* **Task to complete**
Leaving out the pictures, please reproduce exactly and only the lines from the one that contains "Pyromaster-fireworks" through the last line below.

* **Exercise data**
• • •
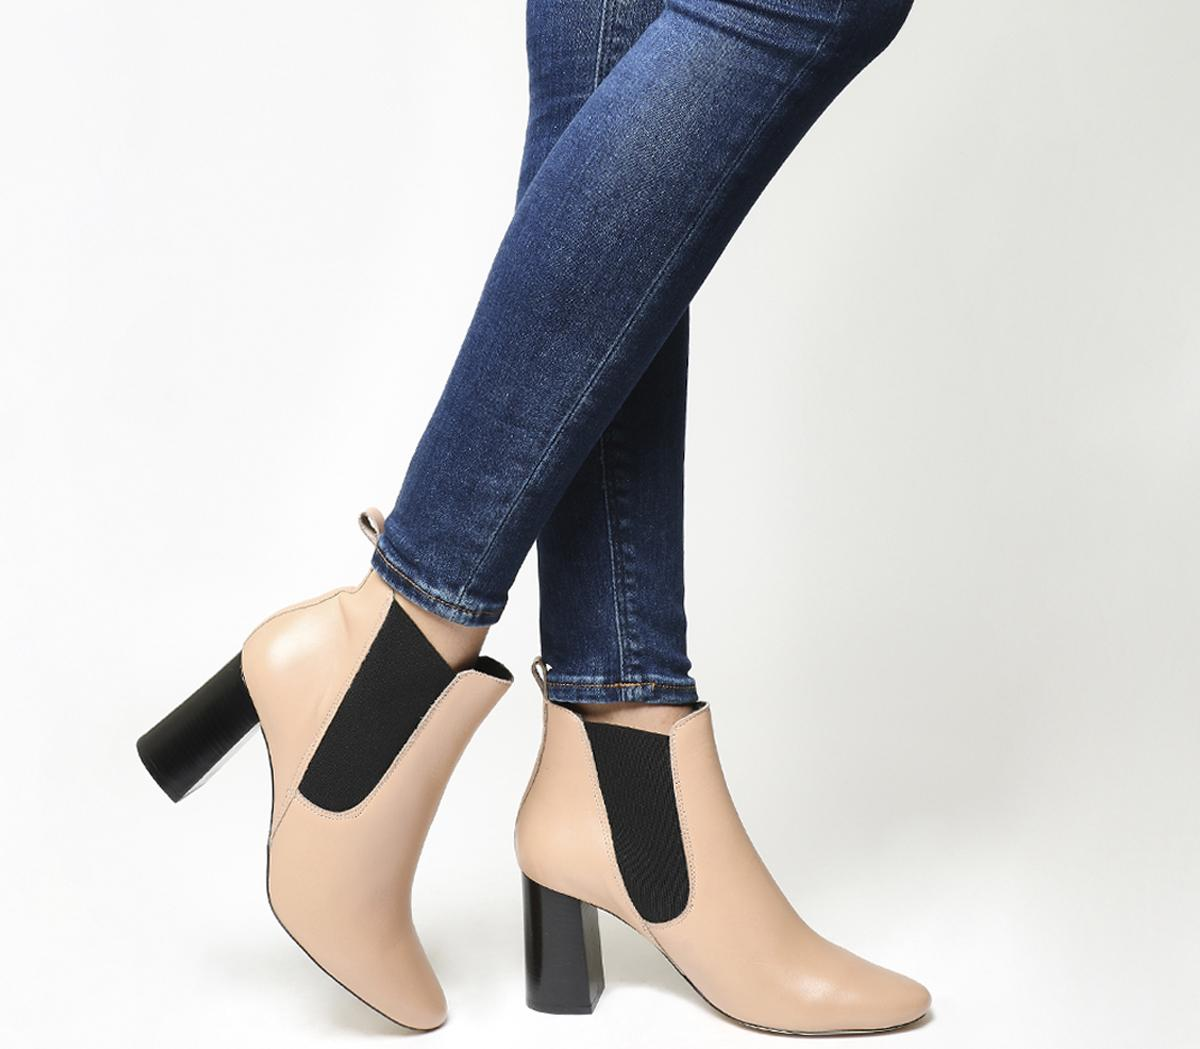 Autumn Block Heel Chelsea Boots
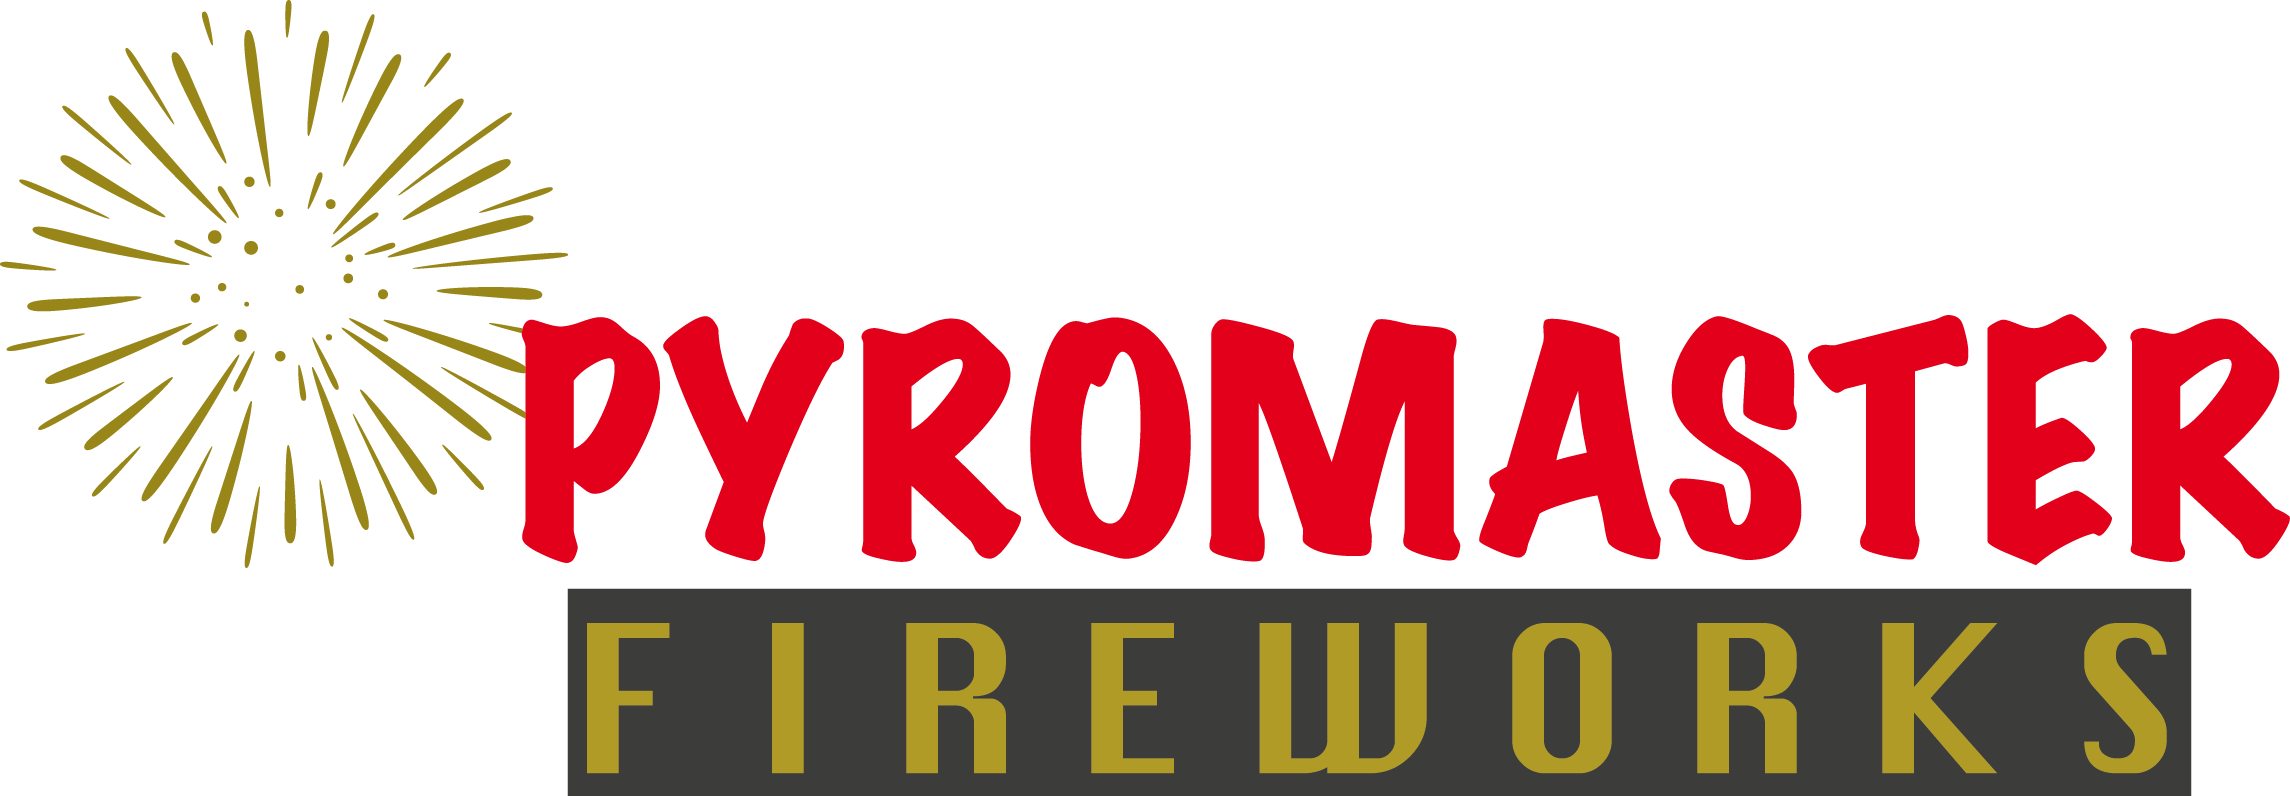 Pyromaster-fireworks
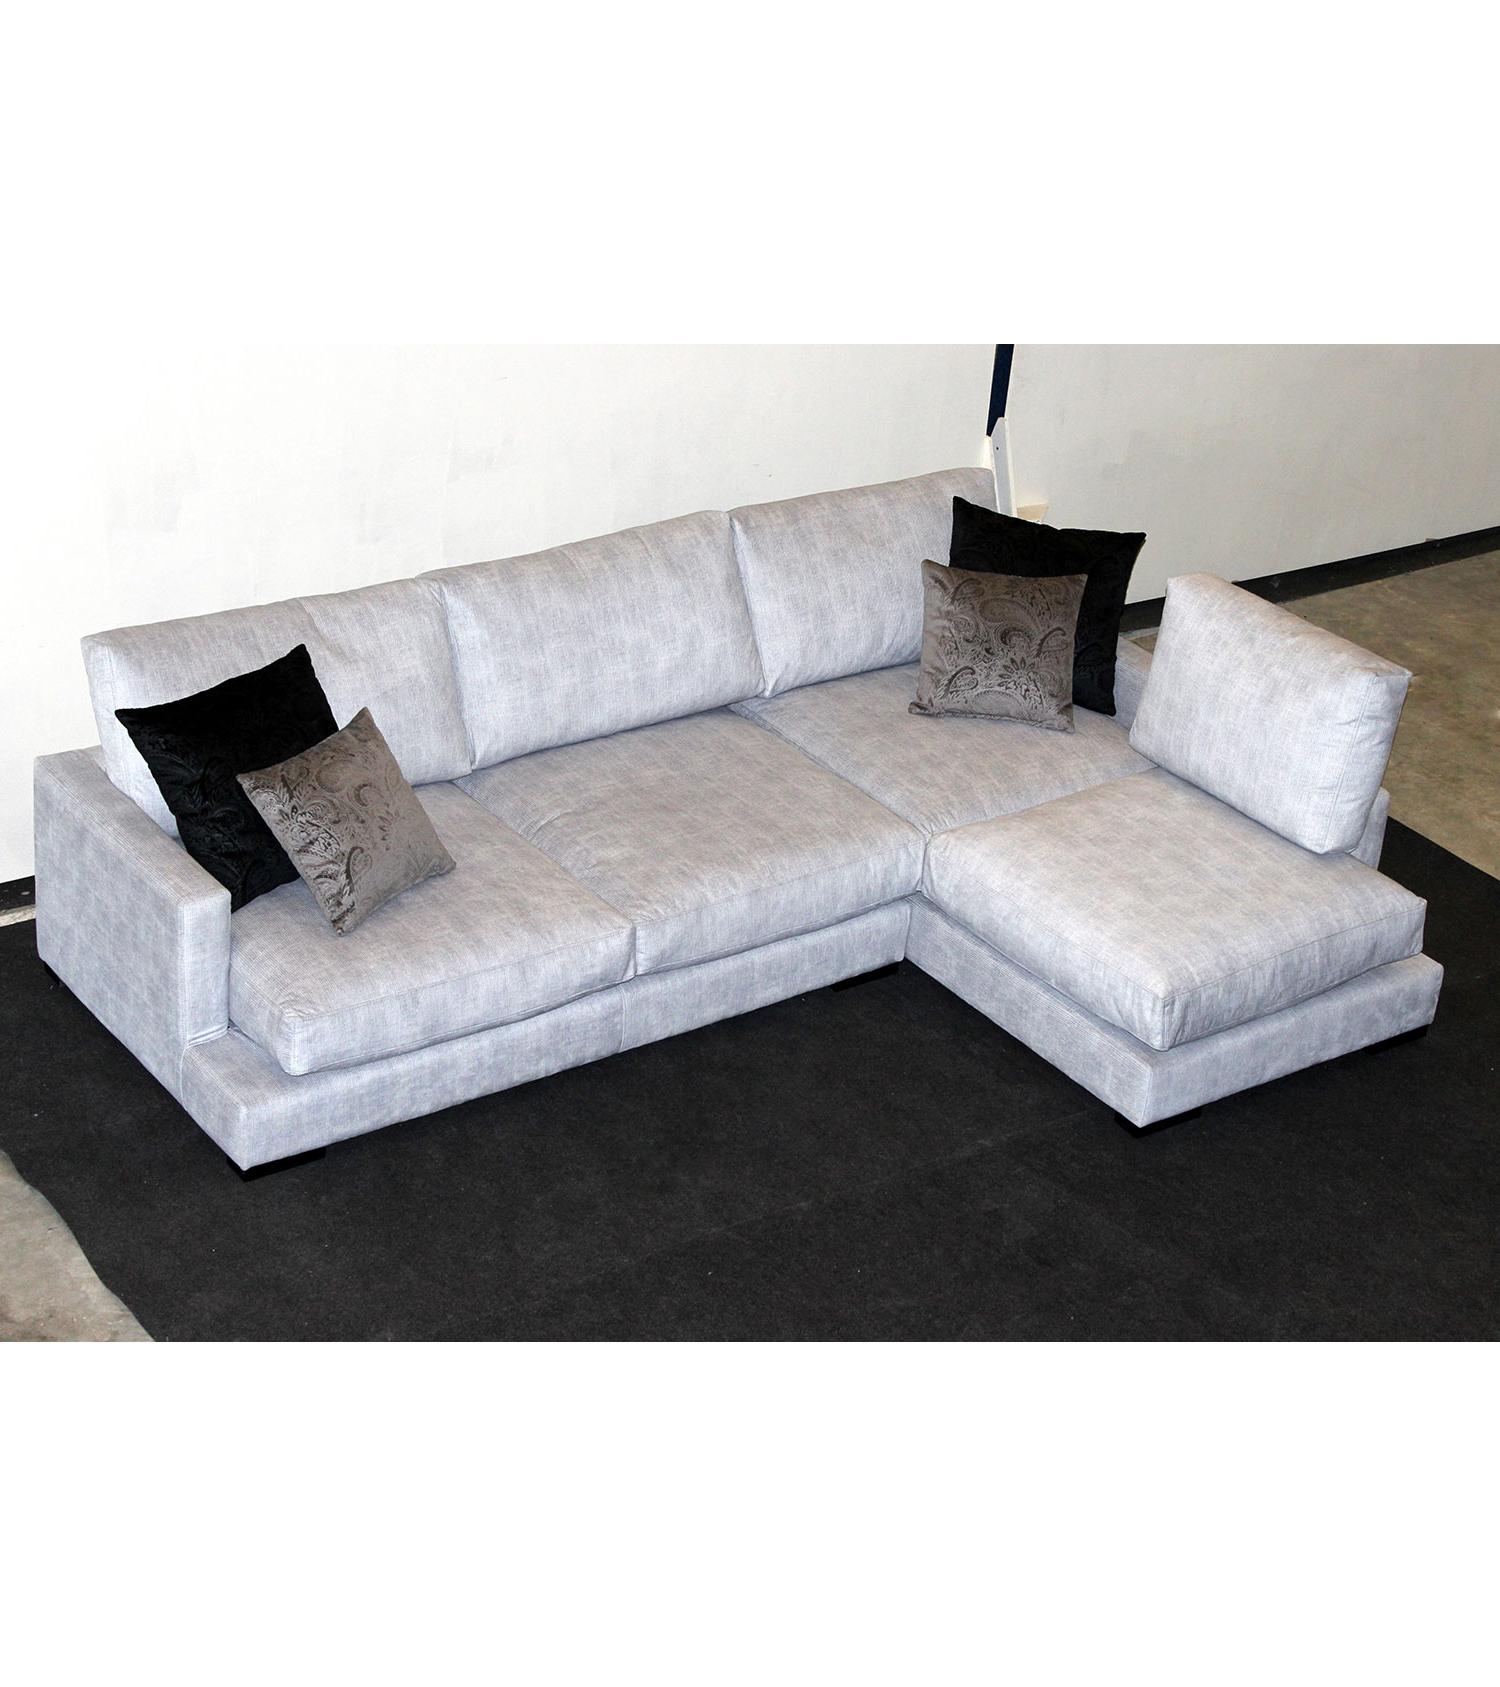 Sofas Baratos 3ldq Modelo Miami Piel sofà S Valencia
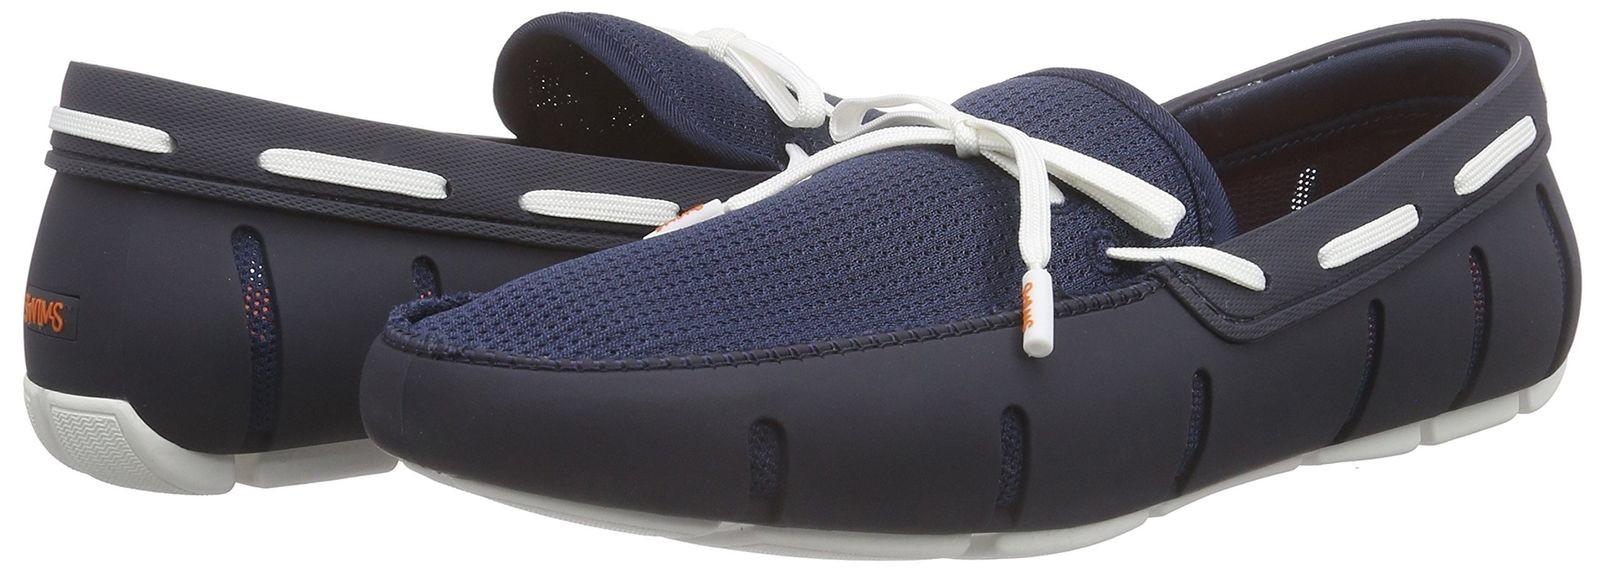 Chaussure bateau bleues et blanc Swims
• • •
* **Your response**
 Pyromaster-fireworks
 Sofas Baratos 3ldq Modelo Miami Piel sofà S Valencia
 Chaussure bateau bleues et blanc Swims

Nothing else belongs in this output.